In every place I’ve worked, the server provisioning process was largely identical. There were of course subtle differences depending on vendor products, business processes, etc. but typically every customer’s server provisioning artifacts are made up of the same components. To provision a host, you’ll need IP information, DNS entry, VM container, a kickstart/jumpstart method, pre-provisioned storage/networks, and all of the various application level components on top of the OS (monitoring agents, backups, the application itself, etc.). These systems or processes usually had been in place for more than a few years, and would be considered the “Traditional IT” method of provisioning servers.
Since most of these components are a few to several years old, it’s accurate to say that not all of them were designed with true automation in mind. Some components had automation capability, but generally these existed in isolation and had manual kick-off processes or dependencies associated to them. In one particular shop, our home-grown asset management tool was completely manual. We could build an OS in an automated fashion, but had to wait for manual asset management tasks to be completed post-build before we could hand it over to a developer. In another shop, our IP address management tool didn’t have an API. We followed many manual steps to reserve and setup IP/DNS before we could kick off an automated OS build. In all of these server provisioning scenarios, a developer would be waiting anywhere from 4-10 hours (rush request) to 2 – 3.5 weeks before they could get their server. The quality of server OS going out the door was quite high, however it was hardly quick, never fully-automated, and “rush” requests were the only way developers could get an OS in a reasonable amount of time.

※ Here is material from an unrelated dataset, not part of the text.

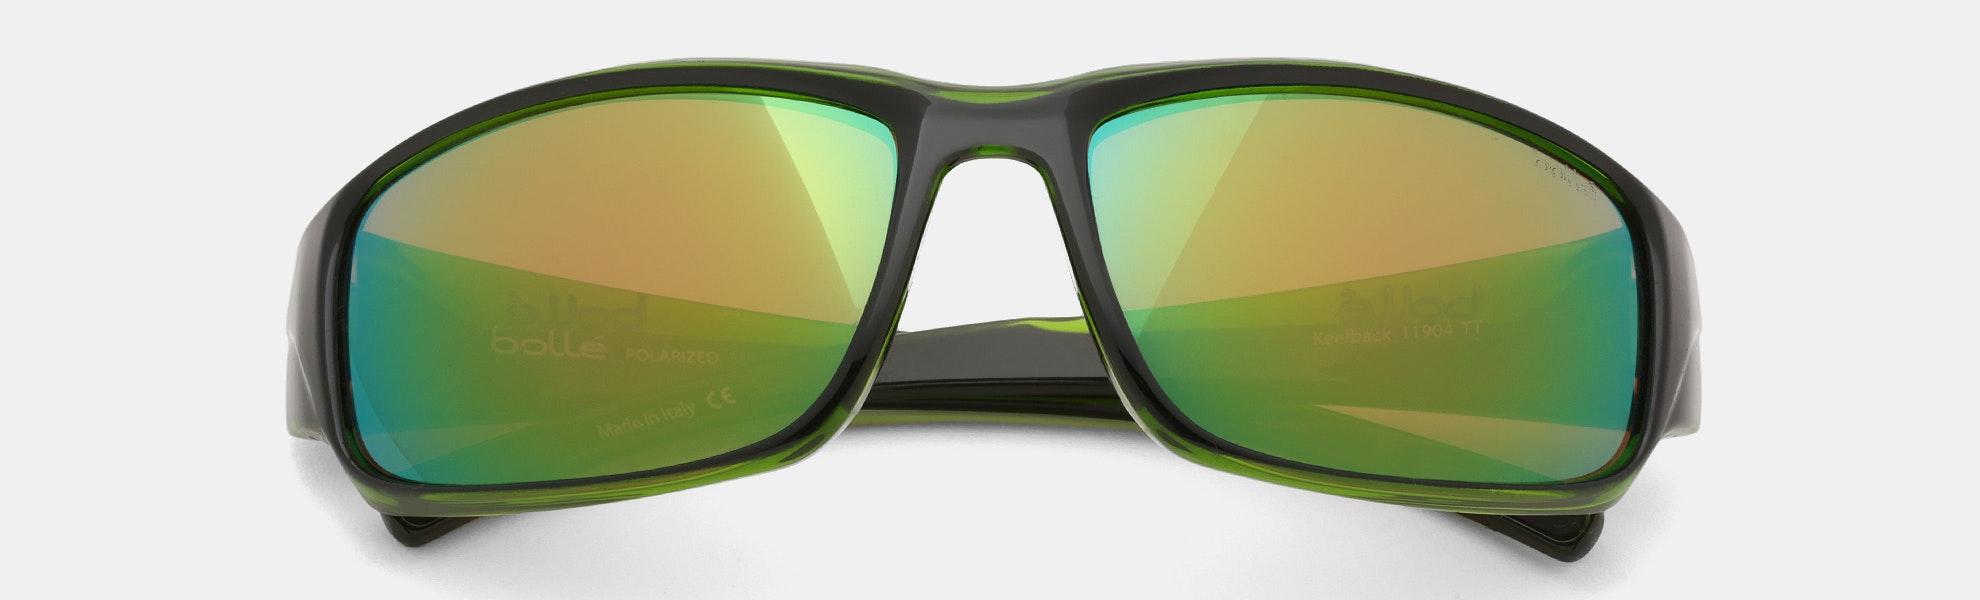 Bolle Keelback Polarized Sunglasses

See the below graphic outlining each provisioning component. I’ve highlighted the areas of automation concern:
We spent a ton of time analyzing how we could improve this process. We eliminated steps where feasible, automated what we could, created efficiencies, etc. After much scrutiny and completing all the “low-hanging-fruit”, we realized we weren’t ever going to be able to get down to the 15-20 minutes timeframe that developers were expecting (and were getting from other sources such as Amazon). We realised our limiting factors were the very tools themselves that we were using in each component. If our IPAM tool didn’t have an available API, we would never be able to programmatically address (read automate) our IP requirements. Similarly, if we couldn’t programmatically tie into our asset management tool, we’d be forever stuck with manual tasks to enter the data. In order to automate the entire process of server provisioning, we were in a “rip and replace” situation on some of our core server provisioning components. Ouch. What a sobering realization. As you can expect, ripping and replacing components wasn’t a very popular idea with the business, as there were large investments in each component and they were very useful and functional to other areas of the business. What was IT to do?
Enter infrastructure-as-a-service (IaaS), and more specifically, OpenStack. OpenStack was designed with these infrastructure limitations in mind. All of the common components in the traditional IT provisioning workflow were implemented in OpenStack with a capable API. In fact, the API is the only way to interact with these components. No more being locked-in with a vendor’s short sighted roadmap. Also, being an open-source project, if the API capability wasn’t there that you expected, you could engage the community to include your feature, or develop it yourself.
Once we discovered IaaS, we were quickly looking at how we could get it in house, and fast. As we learned about OpenStack and private/public clouds, we started to see where this was going to work for us, and where it was not. We discovered that most of the rush systems the developers were looking for were for testing/developing new capabilities, and were tied to time-to-market activities or other time-sensitive new business constraints. Most of the business critical systems were still being satisfied by the traditional provisioning method. We decided to PoC OpenStack for this developer test bed use-case, and look at a workload promotion process to the traditional IT environment once the business decided these new capabilities were worth pursuing seriously. We’ve ended up with a provisioning architecture like this:
We realised the traditional IT provisioning method was going to be around for quite some time for legacy systems. We also realised that we did have some workloads that would suit an IaaS method, and that we still had developers going to Amazon for bleeding edge development we couldn’t bring in house just yet. This left us with three different methods of server provisioning, so we decided upon Red Hat’s cloud management tool to orchestrate each provisioning workflow. This will allow us to perform consistent policy and process enforcement, as well as automate similar tasks, across all provisioning workflows. While we’re still working on integrating several of the automation components of each workflow, we soon will have sufficient ways to automate server provisioning for use-cases that need quick responses, while still satisfying the traditional IT legacy use-cases that our business will be running for quite some time. This will leave us in a private hybrid cloud state, with the agility to scale up or down any provisioning workflow we need as our business needs evolve.